I started thinking about the SHA-1 hashes used in Git today. The hashes are 160 bits long, and are usually represented by 40 character hex strings. Why 40?

If one character represents *x* bits, the character set must include 2^{x }distinct characters. And with 2^{x }distinct characters (or numerals), we have a base-2^{x } system. With just two distinct characters (A and B, say), one character represents one bit, *x* = 1, and we have a base-2 system. With four distinct characters (1,2,3,4, say), we have a base-4 system, and one character represents two bits since 2^{2} = 4.

One hex character (or hexadecimal), is a character in a base-16 system (hexa – 6, decimal – 10), so a full set must include 16 distinct characters, and each character represent 4 bits.
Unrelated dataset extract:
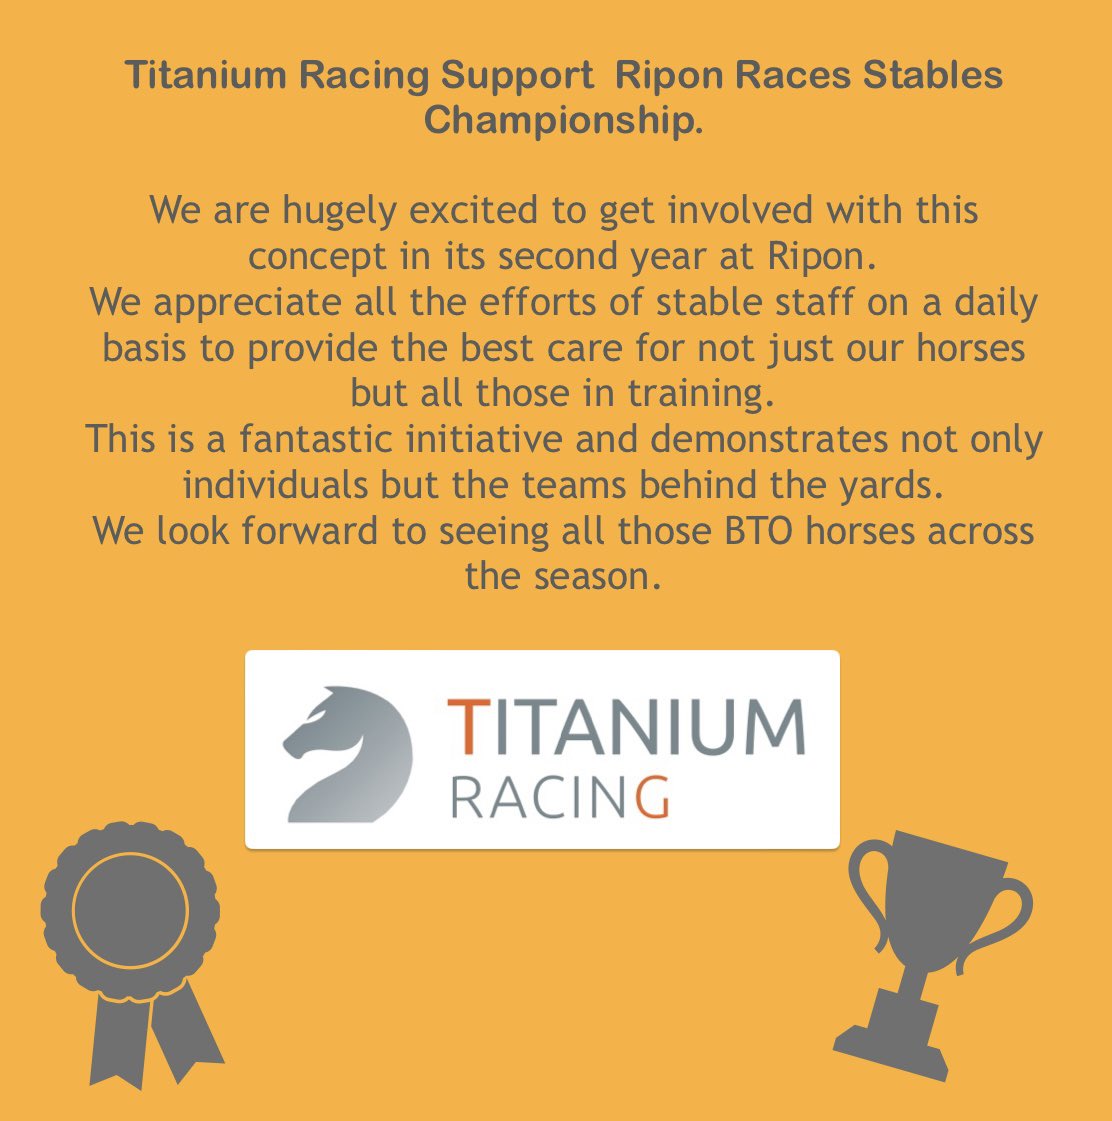 We are teaming up with @RiponRaces again. This year we are sponsoring the Award Winning Stables Championship, staff are an integral part of the sport & we appreciate all their hard work daily. This is a fantastic initiative from Ripon and one we were keen to get behind 🏆🥇.

Most often, the set are taken to consist of the numerals 0-9 plus the six letters A-F. This makes a hex string easy to read and use for human beings.

The number *n* of *x* bit characters needed to store a 160 bit hash is found by solving 2^{160} = (2^{x})^{n}, or *n* = 160/*x*. The number of hexadecimals needed are therefore *n* = 160/4 = 40.

On the other hand the *byte* character represents 8 bits, which means a full set must include 2^{8 }= 256 different characters. A byte string would therefore only be 160/8 = 20 characters long, but most byte character sets include characters that are not human readable, such as control characters. A character set of 256 human readable characters using some of the richer alphabets than the basic Latin one would be possible, but then come issues with transferability.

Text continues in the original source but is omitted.